Now, is taking “Health Informatics in the Cloud” from our very own Mark Braunstein going to be as effective online as in the classroom? We’ll know in a few months. And I expect it will always be better to be one of forty people in a room with Mark Braunstein than to be one of 10,000 MOOC participants.
I expect that being one of those 10,000 MOOC participants will still be a very effective learning experience. It will probably be more effective than taking a course with the same title from a $50/hour adjunct professor at a second- or third-tier university. And it will definitely be more effective than being stuck with the course catalog of your local community college that doesn’t offer an equivalent course at all.
And that changes the world.
De Millo points out that the U.S. went through a huge period of experimentation with the number, size, and types of universities in the period between the Civil War and World War I. We created literally hundreds of universities from raw dirt… sometimes, lots of raw dirt (see the history of land grant universities). (Georgia Tech was founded in the middle of this period.) And then we stopped.
We didn’t stop sending kids to college, of course. We sent more and more and more. The “hockey stick” below is amazing. But we stopped innovating in what a college or university should look like: Big lecture halls for freshmen, smaller classrooms for upper-level courses, a four-year race to a bachelor’s degree, then another more leisurely pursuit of a graduate degree, all overseen absentmindedly by the “sage on the stage” with a blackboard and a piece of chalk. (An iPad with an LCD projector is nothing more than a high-tech blackboard.)
By any measurement — enrollment, debt, opportunity cost, public confidence in the value of a degree — higher education has been on an unsustainable path for at least 40 years. And now, higher ed looks like the next wheezing obsolescent industry to be utterly transformed by the Internet.
Suddenly, traditional universities are not the only game in town. We saw the first rumblings with the popularity of DeVry, Strayer, and the University of Phoenix. But those for-profit entities, while making portions of their content available online, still have campuses… and still charge tens of thousands of dollars for a degree.
Now, with MOOCs, a university-level education is available for free. Often taught by the very best professors in the world. And, to misquote Mark Twain, the difference between the best professor and a mediocre professor is like the difference between the lightning and a lightning bug.

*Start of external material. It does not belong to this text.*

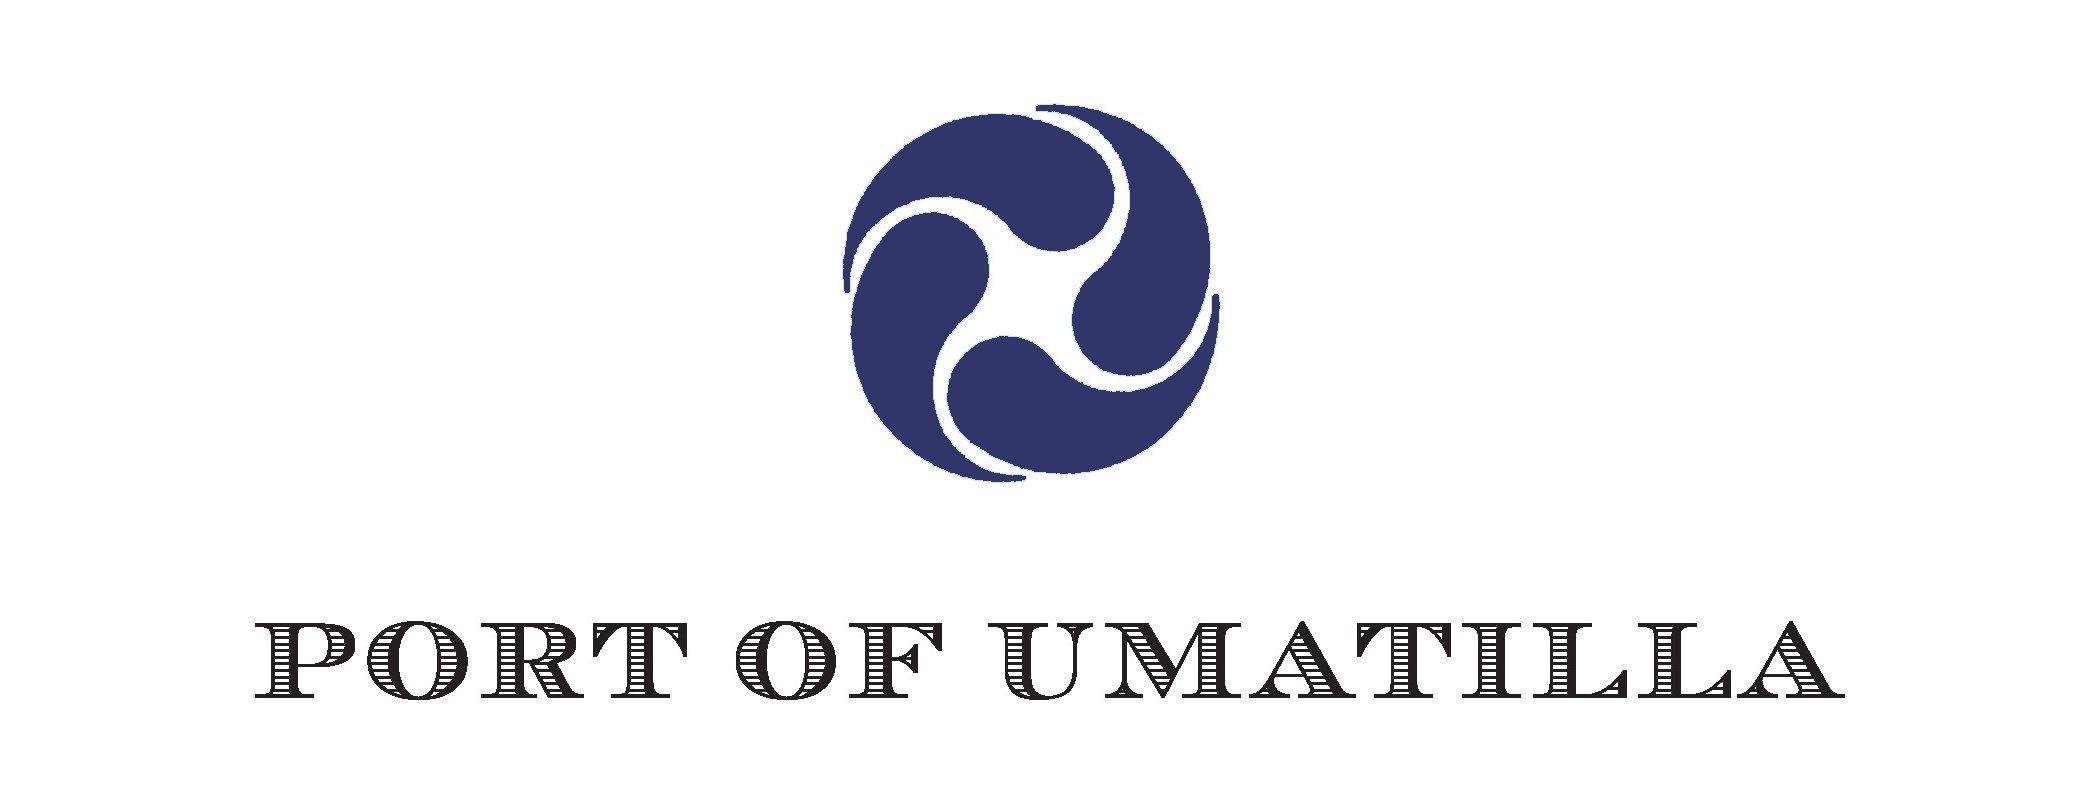 Umatilla Logo - Industrial Properties, Economic Development - Port of Umatilla

With everyone in the English-speaking world able to put content online (check out the completely unaccredited Khan Academy), it’s going to be a crowded market. In a crowded market, you need a compelling product or a compelling price or a great brand. Most universities have none of the above. (Georgia Tech is lucky — I’d argue that we have all three. But what about East Wherever State U.?)
A lot of universities are going to go out of business. And they should.
Universities are a Failed Model
The great expansion of American universities coincided with the Gilded Age of American industrialization. It’s not a coincidence that two of the buildings on Georgia Tech’s historic campus are named after Andrew Carnegie (steel) and Solomon Guggenheim (mining). Nor that two of our national rivals are Carnegie-Mellon and Stanford (railroads). The Industrial Revolution created unprecedented wealth in America, and the beneficiaries contributed a lot of it to the new universities.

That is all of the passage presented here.